Crafting the Canadian Landscape of the Vindictive Series

IT IS often said to write what you know. Sometimes, there is a strong desire to write about where you know, too—so to speak.

British Columbia’s Okanagan Valley, where Jules first meets Ethan and William Falsworth. (Photo Credit: Daniel Joseph Petty)

From the beginning, before laying a finger on my keyboard, I knew Vindictive would take place in Canada. While I planned to set scenes in several well-known Canadian locales, my primary objective was to create a totally original city to position the bulk of the story within.

The desire was present, the innovative passion robust, but truthfully, the idea to create this city did not burst from my noggin like Athena from Zeus’s head, dynamic and unexpected. Instead, it was inspired by Mark Frost and David Lynch’s quirky, totally original town of Twin Peaks. The notion that I could craft a place wholly from my imagination and fill it with sexy, crazy, and dramatic—okay, melodramatic characters greatly appealed to me.

Growing up in Guelph, Ontario, Canada, I read many books set in non-Canadian cities. From Charles Dickens’s London to James Baldwin’s Paris to Anne Rice’s New Orleans to countless books set in New York. I rarely got taken to a Canadian landscape. If I did, these novels usually took place in rural prairies, small-town Northern Ontario or the bucolic countryside and fishing villages of Maritime provinces.

While these stories were entertaining, their settings authentic to many Canadian voices and experiences, I wanted something to reflect a landscape nearer to my personal urban upbringing. I yearned to read stories where a location I was more familiar with was brought to the forefront. I had little in common with the depression-era backdrop of Hugh Garner’s Toronto-set Cabbagetown—a high-school reading requirement.

In University, I complained to anyone who would listen, professors and fellow students alike, that I was desperate to read something modern set in Toronto, Montreal or Vancouver. Something with nary a cliff or prairie thistle to be found.

Thanks to suggestions from amazing people, I discovered Tanya Huff and Brad Fraser, two Canadian writers who set their work in Toronto, Ontario and Edmonton, Alberta. The contemporary, urban feel of these novels blew my mind. The use of modern locales, familiar cultural settings, and trendy establishments in Huff’s Blood Books series and in Fraser’s play Unidentified Human Remains and the True Nature of Love was refreshing. It was a different Canadian flavour, a welcome change, and one that resonated with me. This was the engaging fiction I was looking for.

When the time came for me to breathe life into the world of my first novel, Vindictive, I wanted my readers to feel the same connection to contemporary urban Canada I felt reading these works.

Crafting a Canadian setting for these novels was not only important to me as a Canadian writer, born and bred, but it was pivotal to the authenticity of the book.
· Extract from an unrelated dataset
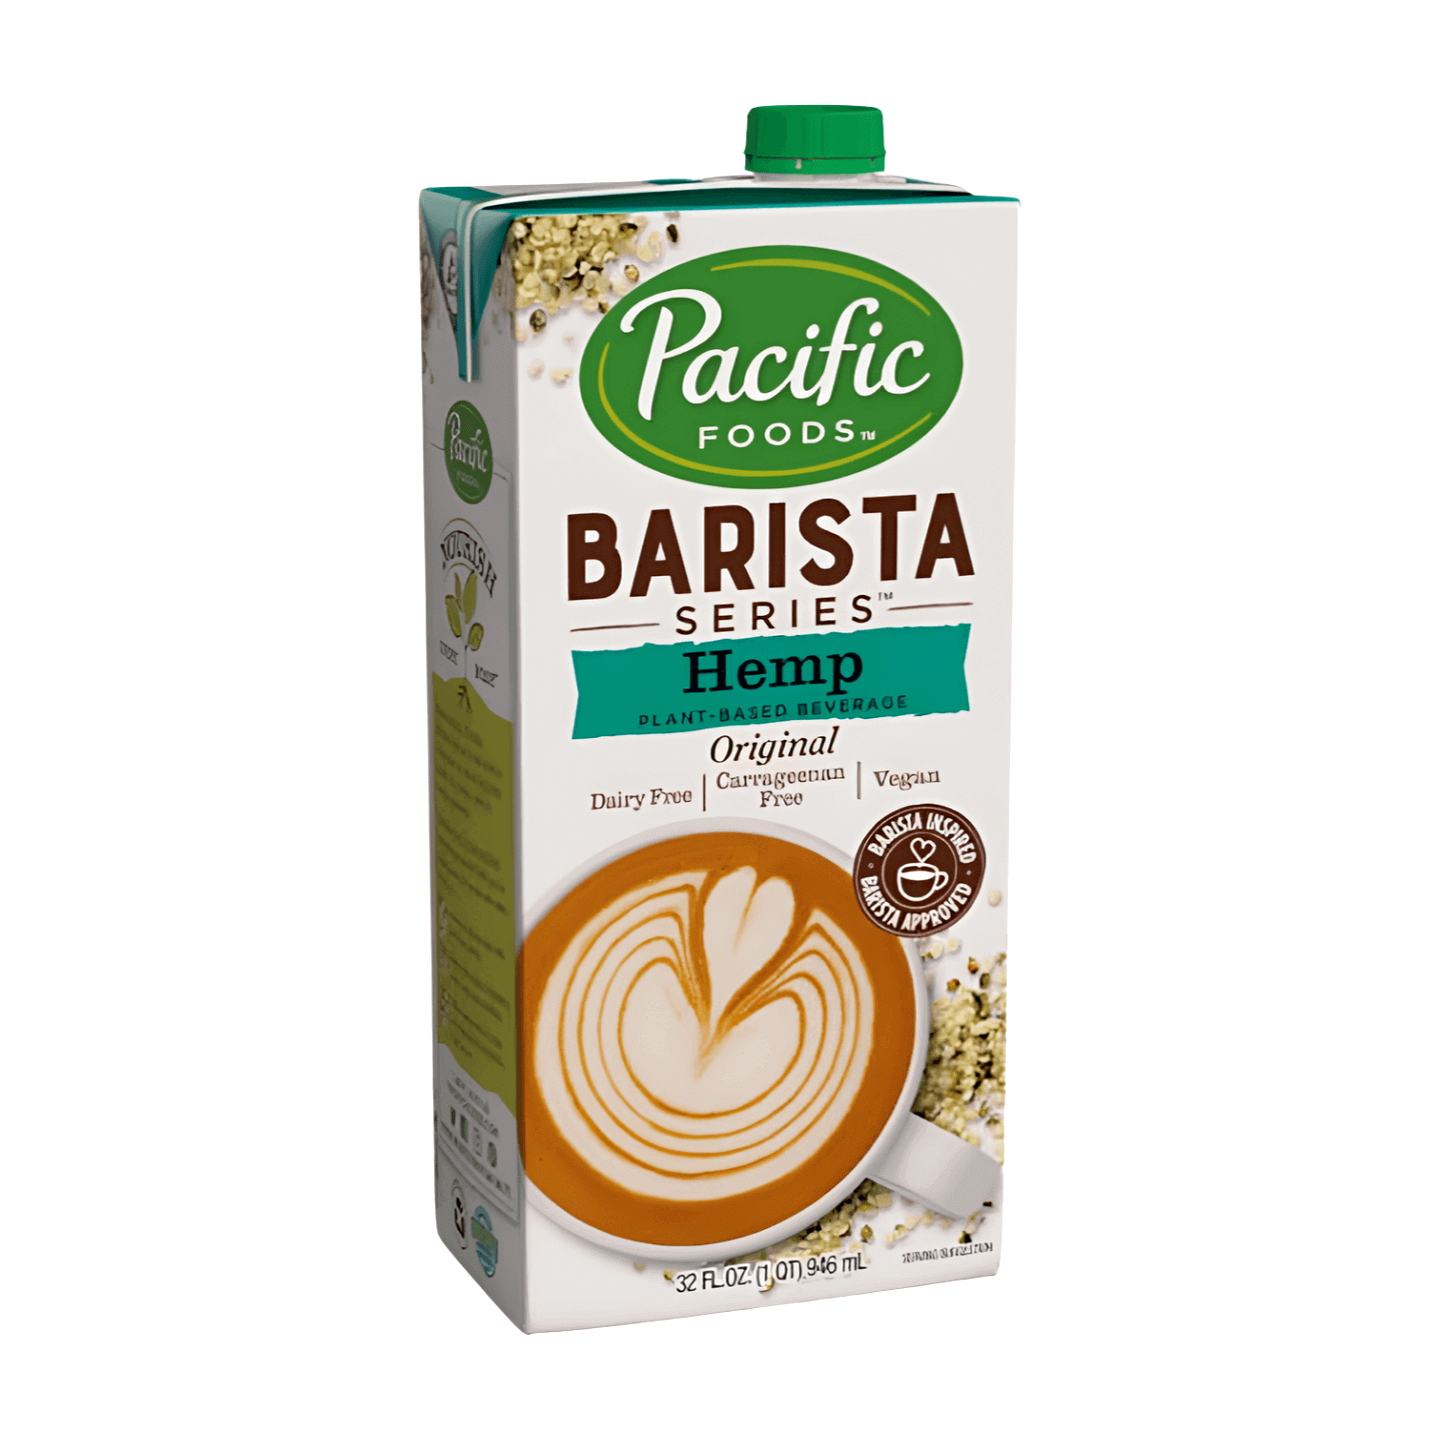 Pacific Foods Barista Series Hemp Original

The reader had to know unequivocally that this book possessed a modern but still accessible Canadian self-identity.

The Vindictive series of books take place primarily in the fictional city of Fairporte, Ontario, Canada. As I write in the first  novel, Fairporte is a city “very much like Montreal, but one drenched in its own unique blend of French and English culture.” As a Canadian, it was important to me to acknowledge the unique duality of our French and English cultures. Due to this, the novel’s text encompasses both English and Quebecois dialogue (with English translation following). If anything aside from Poutine, Nanaimo bars, and Jimbo the Drag Queen reflects the uniqueness of the Canadian identity, it is our official bilingualism.

Ottawa’s Fairmont Château Laurier, the inspiration for Château Bergé. (Photo Credit: Moonhead)

A small, playful element of language I feature in these novels is something others might consider a cultural stereotype. Still, that label and opinion do not negate fact: it is a real thing. “Eh” is a confirmational, a word attached at the end of sentences to confirm if something is a truth, and it is peppered throughout my novel. Specific characters have this colloquial expression tagged at the end of certain statements because I hear it in conversation regularly. Many do not even realize they speak it. I know that I say it, so I wanted to incorporate it into my story. It may seem silly, but I find its use comforting, a familiar element of the Canadian identity and of home, however cliché it may seem.

My first novel, Vindictive, takes the reader on a journey across Canada. From the snowy landscape of British Columbia’s Okanagan Valley to the student hub of downtown Montreal. From Toronto’s upscale residential neighbourhood, “The Bridle Path,” to the LGBTQ-oriented corner of Church and Wellesley. Danger, adventure, and romance flow in abundance across this diverse Canadian terrain, converging at the nucleus that is the enigmatic city of Fairporte.

Vindictive states that: “No form of revenge is petty; all revenge is reasonable.” Setting novels entirely in Canada is also reasonable—and quite entertaining!